ロイター及びグローバル世論調査会社「イプソス」が行った共同世論調査(2017年10月6-10日実施)によれば、トランプ大統領の支持率は36%で相変わらず低空飛行を続けているのですが、米議会の支持率は24%でそれよりも12ポイントも低いのです。党派別にみますと、共和党の支持率は31%、一方、民主党は20%です。同大統領の支持率は、共和党と比較しても5ポイント、民主党に至っては16ポイントもリードしています。
従って、トランプ大統領は米議会に対して優位な立場にあるわけです。支持基盤を固めるためには、「議会は機能不全である」というレッテル貼りを行い、議会に責任転嫁する戦略が有効なのです。
「今に分かるだろう」の意図
選挙期間中、トランプ大統領の口癖は「私を信じてくれ」でした。ところがこの9カ月間、同大統領は「今に分かるだろう」と繰り返し述べてきました。
例えば、ジェームズ・コミーFBI(連邦捜査局)長官を解任するか否かについての記者からの質問に対して、「今に分かるだろう」と回答しました。ステーブン・バノン首席戦略官兼大統領上級顧問が事実上更迭される前も、同様の表現を使用しています。トム・プライス厚生長官が辞任する直前もそうでした。記者団からの質問を巧みに「回避」する目的で用いています。

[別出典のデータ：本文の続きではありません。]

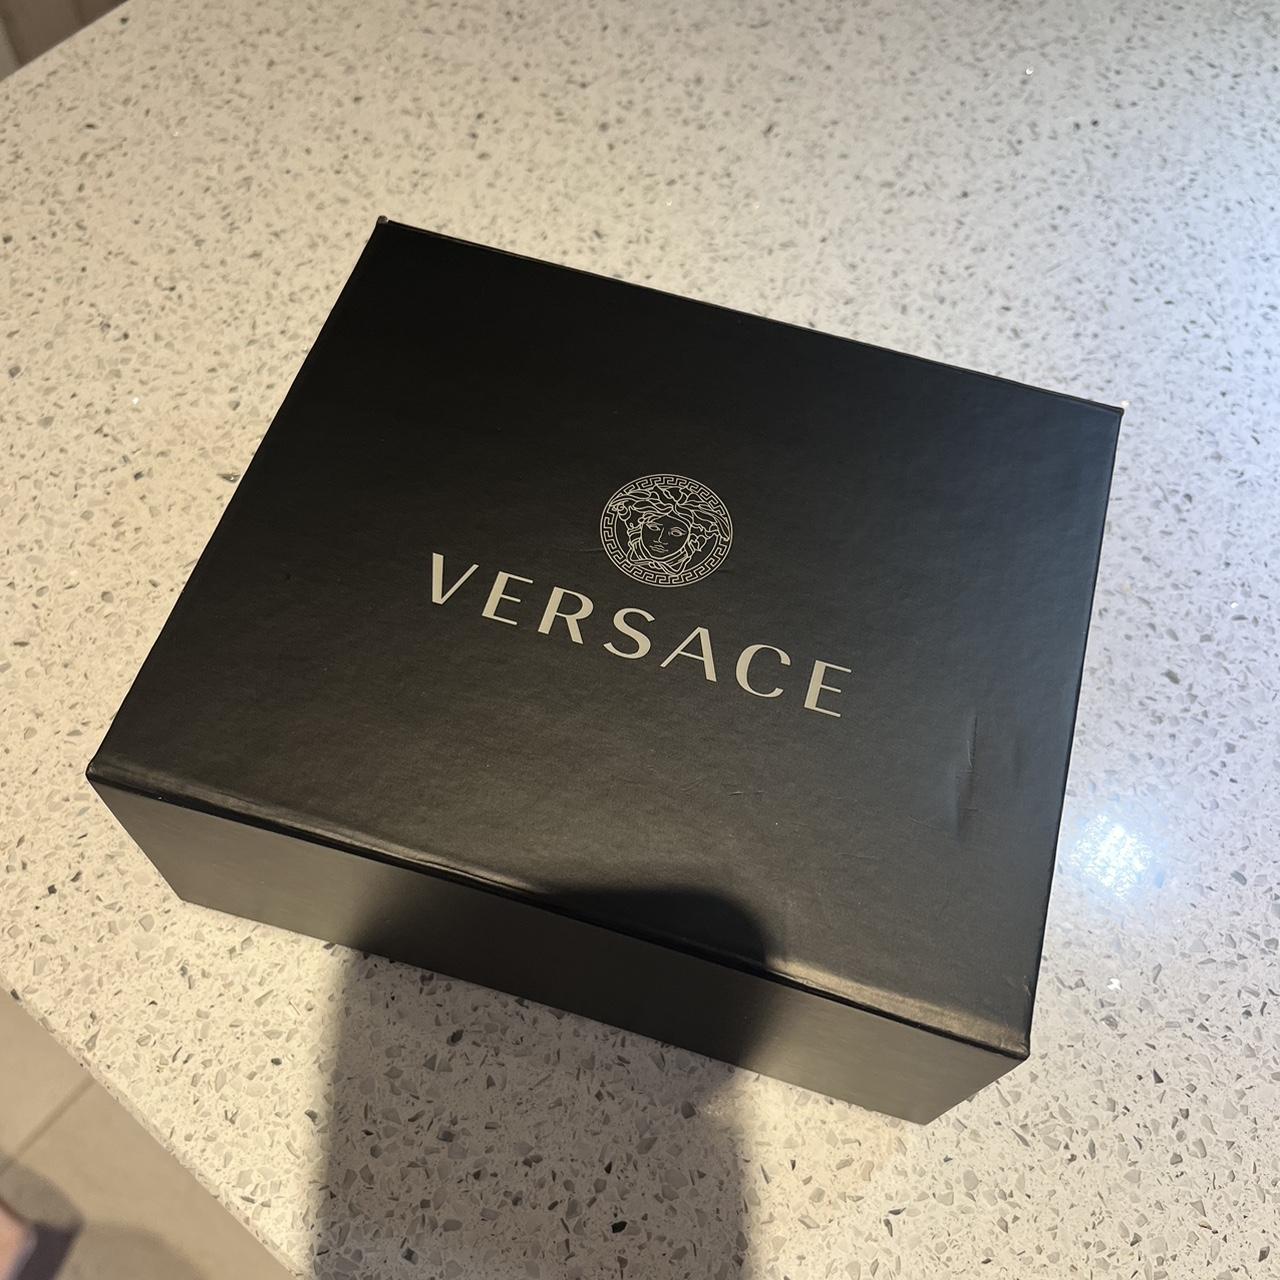 Genuine Versace earrings. Unwanted gift! 🤩 - Depop

さらに、トランプ大統領は北朝鮮問題に関する質問に対しても「今に分かるだろう」と答えます。この場合は「脅迫」が目的です。狂人のように振る舞い、「この男は何をするのかまったく分からない」と北朝鮮に信じ込ませるためです。恐怖心と不確実性を高めて、相手を交渉のテーブルにつかせる狙いがあります。しかし相手も狂人なので、この手法は効果をあげていません。
今後もトランプ大統領は、自身の「争点化する力」を発揮し、「人種差別VS.愛国心」及び「政府VS.神」といった対立構図を作って、支持基盤を固めていくでしょう。支持率における米議会に対する相対的な優位性も多いに活用するでしょう。
それに加えて、これまで通り自分にとって不都合な質問並びに北朝鮮問題に対して「今に分かるだろう」と回答することは容易に想像できます。ただし、北朝鮮問題に限って言えば、いつまでも「今に分かるだろう」と言い続けることはできません。間もなく限界がくることは間違いありません。